Reference Number: 51
The formation of resistant starch (RS) in bread products was evaluated in vitro in relation to the processing conditions. The impact of the particular baking conditions applied to pumpernickel bread was investigated as well as the presence of malt and sourdough acids, commonly present in such bread. Also studied was the potential effect of including wholemeal barley from a high-amylose genotype. In some bread, the rate of hydrolysis of the potentially available starch fraction was evaluated by an in vitro procedure. A low-temperature, long-time baked product (20 h at 120 °C) contained significantly higher amounts of RS (5.4%, starch basis) than a corresponding ordinary baked bread (40min at 200 °C) (3.0%, starch basis). Addition of lactic acid increased RS recovery further (6.6% starch basis), whereas malt had no impact on RS yield. The highest level of RS was noted in a long-time baked bread based on high-amylose barley flour (7.7%, starch basis). In contrast to all other products, this bread also displayed a lowered rate of amylolysis of the non-RS fraction (hydrolysis rate index = 68). It is concluded that exchanging ordinary baking conditions for pumpernickel baking, particularly in the presence of certain organic acids, may substantially increase the RS content.

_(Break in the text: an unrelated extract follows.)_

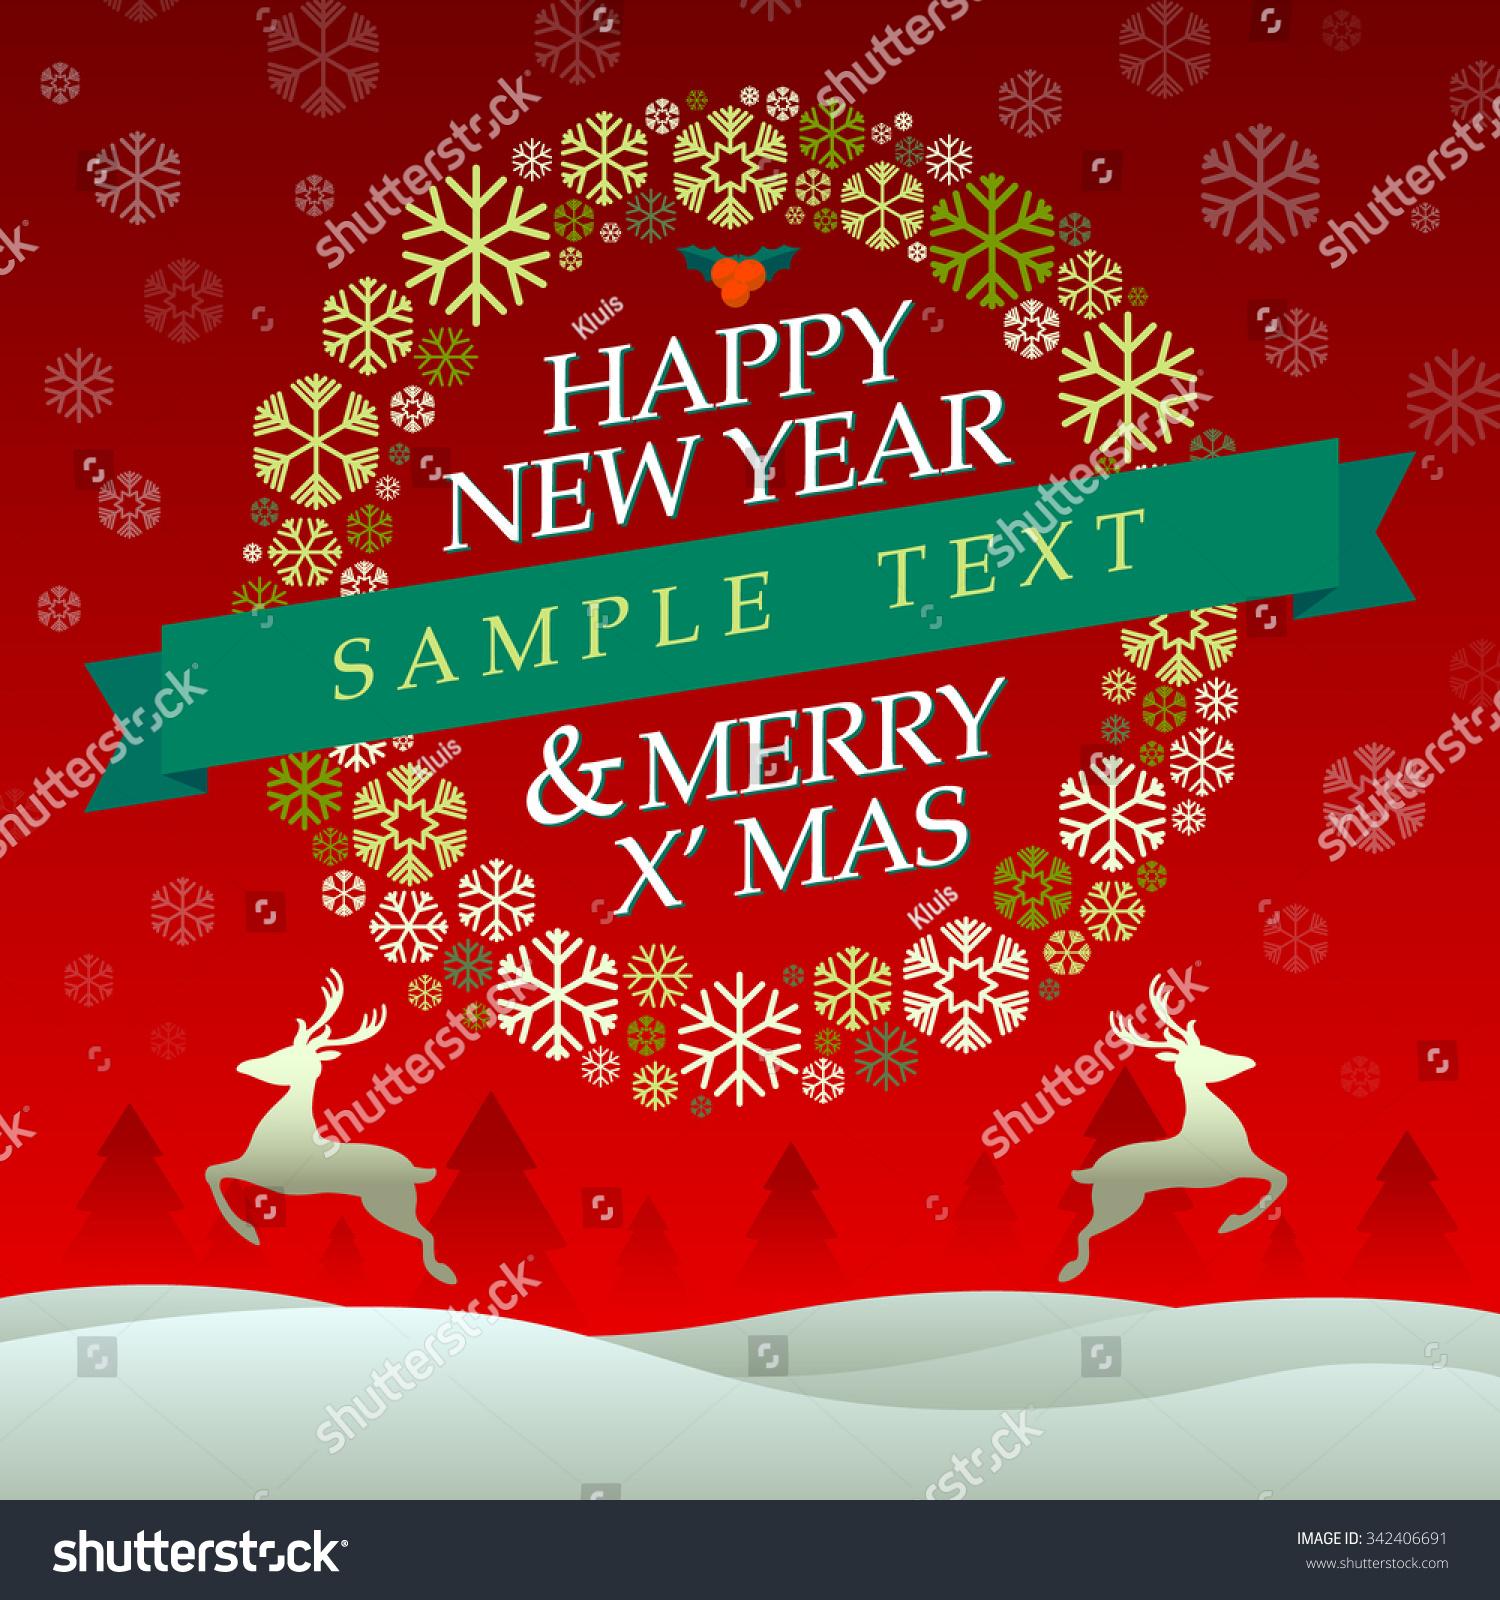 happy new year merry x mas vector stock vector (royalty free

SIGNIFICANCE OF THIS STUDY
Cereal products are the most important sources of starch in the diet and large amounts of starch escape digestion and absorption in the human small intestine and are fermented our gut microbes to release beneficial compounds called short chain fatty acids. Such starches that cannot be broken down by us humans but can only be broken down by our gut microbes is commonly referred to as resistant starch (RS). Resistant starches play an important role in bulking up faeces and acting as a source of food to our microbes. Owing to the formation of short chain fatty acids during the breakdown or fermentation of resistant starches and bulking up faeces, these starches may have an important role in preventing colon cancer. Cereal grains contribute to a large amount of these resistant starched to our diet. The current paper showed that a prolonged baking process enhanced the levels of resistant starch in baked breads and the addition of lactic acid bacteria (sourdough fermentation) increased the levels of resistant starches by 6%.